The urinary system of cats is made up of kidneys, ureters, bladder and urethra. While the kidneys and ureters constitute the upper urinary tract, the bladder and urethra are part of the lower urinary tract. The main function of this system is to produce, store and eliminate urine, which is composed of various compounds toxic to the feline organism. This is what ensures the state of balance of the bodyand other systems of the cat.

On the other hand, the reproductive system is composed of female and male sex organs that have the function of assisting in the reproduction of the species.

How many bones does a cat have?

A cat's skeleton has, on average, 244 bones and is divided into two parts: the axial skeleton and the appendicular skeleton. However, this number can vary from animal to animal, as the number of bones depends on a number of factors.
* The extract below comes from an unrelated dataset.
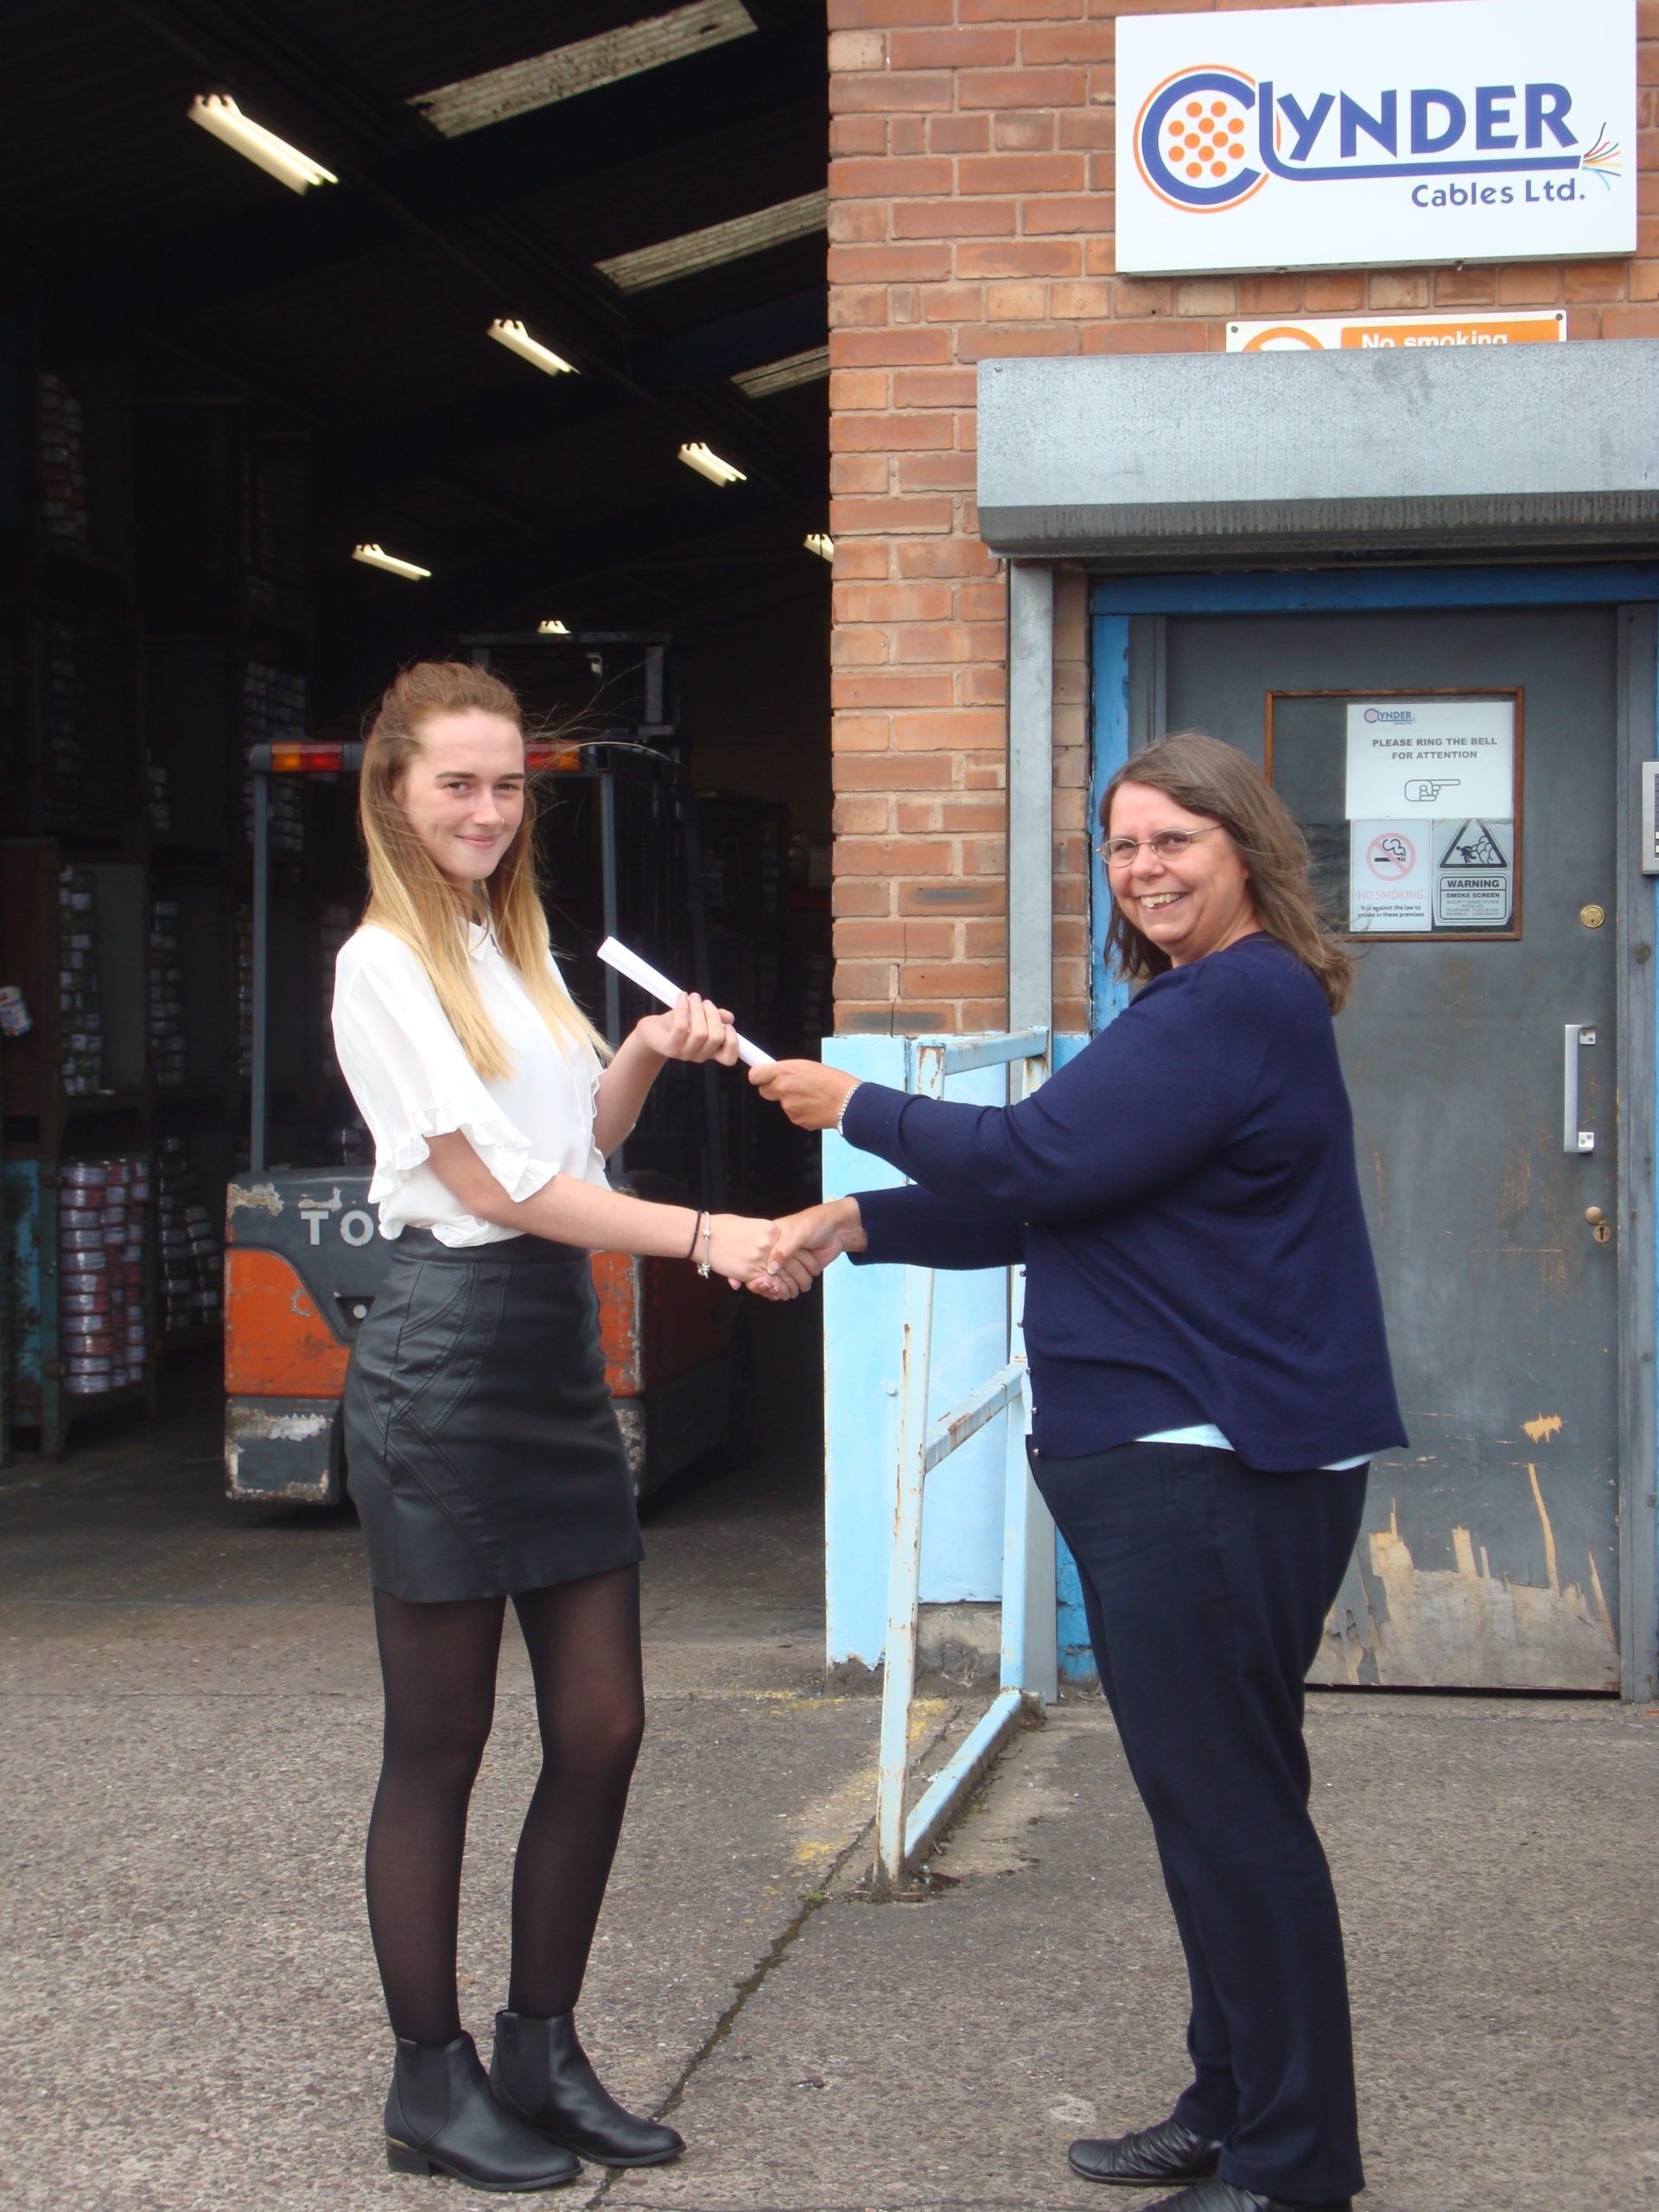 a manager handing a sales assistant a certificate in front of the clynder cables warehouse
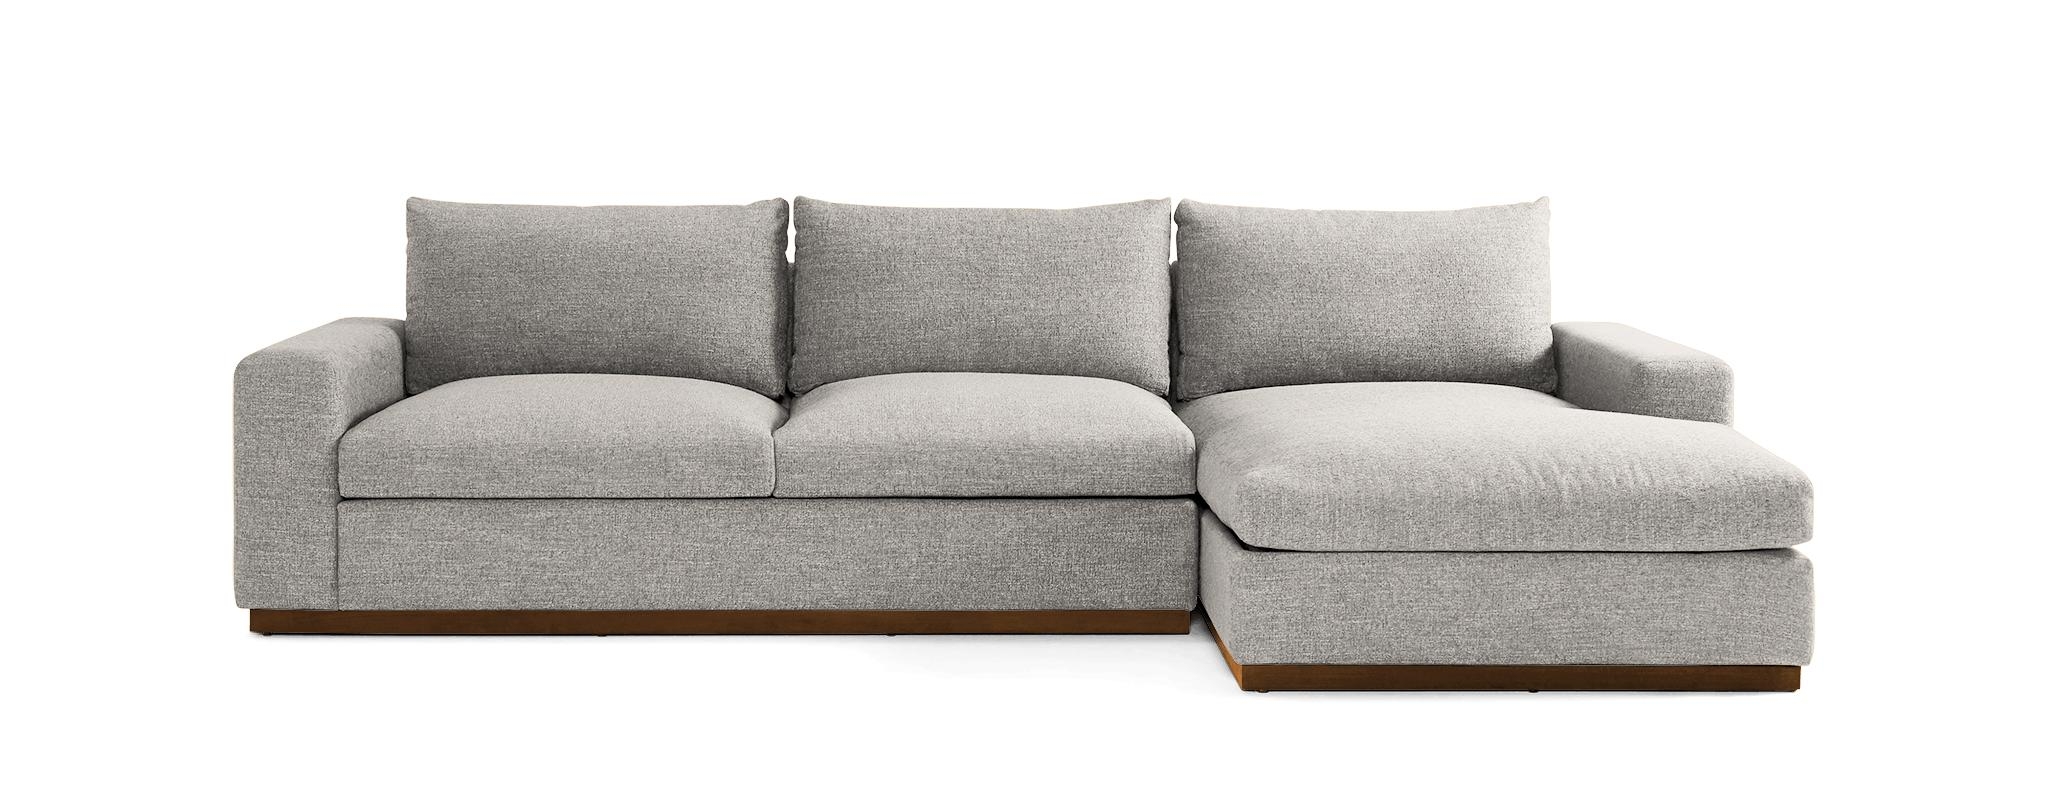 Beige/White Holt Mid Century Modern Sectional with Storage - Merit Dove - Mocha - Right - Image 0

The age of the cat is one of them, since the growth and development of a feline causes the fusion of some bone elements, so that a younger kitten usuallyhave more bones than an adult cat.

Other factors that can influence the answer to how many bones a cat has are gender and the size of the tail, as this region can contain from 18 to 24 vertebrae.

In general, the axial cat skeleton contains:

  • Skull
  • Mandible
  • Sternum
  • 13 ribs and vertebral column (7 cervical, 13 thoracic, 7 lumbar, 3 sacral and 18 to 24 caudal vertebrae)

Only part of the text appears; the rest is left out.